Councillors Lucy Williams and Sam Gorst next to one of the ‘axle-breaker’ potholes they’ve been forced to fill themselves (image: Skwawkbox)

In May, Sam Gorst and Lucy Williams were two of the three Liverpool Community Independent candidates who shocked complacent Labour in May’s local elections, romping home in the ward of Garston in the south of the city, while Cllr Alan Gibbons humiliated Labour by receiving more than four times as many votes as the party’s candidate in what used to be a cast-iron Labour area.

The Garston victory came despite – or more likely was helped by – Labour’s disgraceful ‘sewer politics’ campaign in the contest.

Now, Labour appears to have resorted to ‘pothole politics’ in Garston, at the expense of local residents, by allowing the ward’s roads to deteriorate to dangerous levels and ignoring the Garston councillor’s requests for action – forcing the pair to take action themselves to protect residents and their vehicles by buying bags of gravel to at least temporarily fill the dangerously deep holes that cover the area’s roads like a pepperpot.

Gorst and Williams braved heavy rain this week to begin their DIY repair campaign on the busy Woolton Road and took time out for pictures illustrating the literal depth of the problem:

Residents told Skwawkbox that the roads have deteriorated sharply from an already poor condition, resulting in general unevenness punctuated by deep and steep-sided ‘axel-breaker’ potholes that put both motorists and pedestrians at risk:

If you hit one of these things, it feels like you could wreck a wheel or break an axle at any moment.
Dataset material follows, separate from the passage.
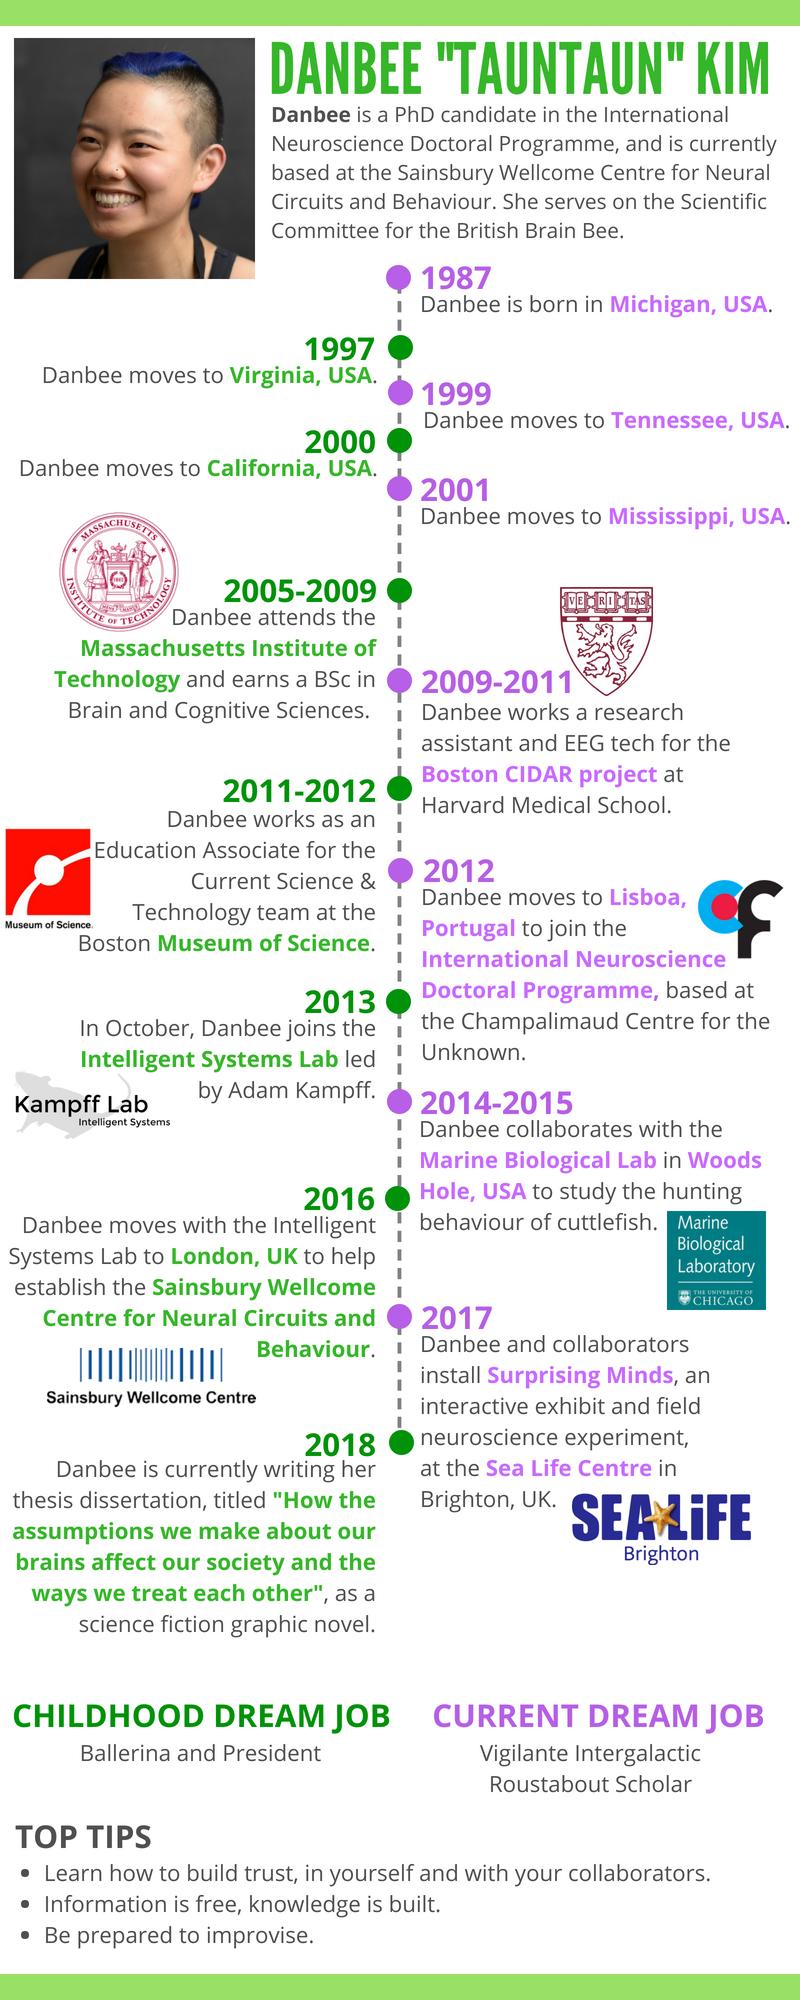 Danbee Kim's brief personal timeline
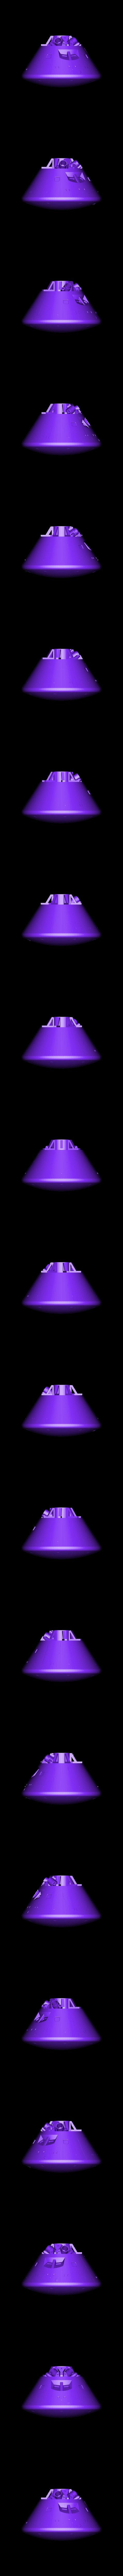 orion_nofbc.stl Download free STL file Orion Capsule • 3D printable design, spac3D

What’s worse is that these roads are busy and get narrow with parked cars. You don’t see the potholes until the last second and the number of times I’ve seen people have to swerve hard to avoid them. If that happens when there’s a bus or car coming the other way, God forbid a kid or someone running across the road or later when a damaged tyre blows on a motorway, someone’s going to get killed.

Dangerously deep potholes pepper the area’s roads (image: Skwawkbox)

Another added that the area’s roads are much worse than those of nearby wards with Labour councillors:

You don’t have to go very far to see that the areas with Labour councillors are getting not just faster but better repairs. It looks like they’re trying to make Garston voters angry with our councillors over the state of the roads, so I’m glad they’re doing what they’re doing. It doesn’t just improve safety, but it’s exposing the petty nonsense the Labour council is getting up to. They thought they had a right to rule here and instead of doing better, they’re trying to make others look worse.

Both councillors told Skwawkbox that they had raised the issue repeatedly with council officers but to no avail and had begun filling the potholes themselves as a last resort. Cllr Gorst told Skwawkbox:

These aren’t ideal repairs but they’re a lot safer than the massive holes they’re filling. The council’s not reacting so this was all we can do to keep people safe and hopefully get the council to do a proper job.

SKWAWKBOX needs your help. The site is provided free of charge but depends on the support of its readers to be viable. If you’d like to help it keep revealing the news as it is and not what the Establishment wants you to hear – and can afford to without hardship – please click here to arrange a one-off or modest monthly donation via PayPal or here to set up a monthly donation via GoCardless (SKWAWKBOX will contact you to confirm the GoCardless amount). Thanks for your solidarity so SKWAWKBOX can keep doing its job.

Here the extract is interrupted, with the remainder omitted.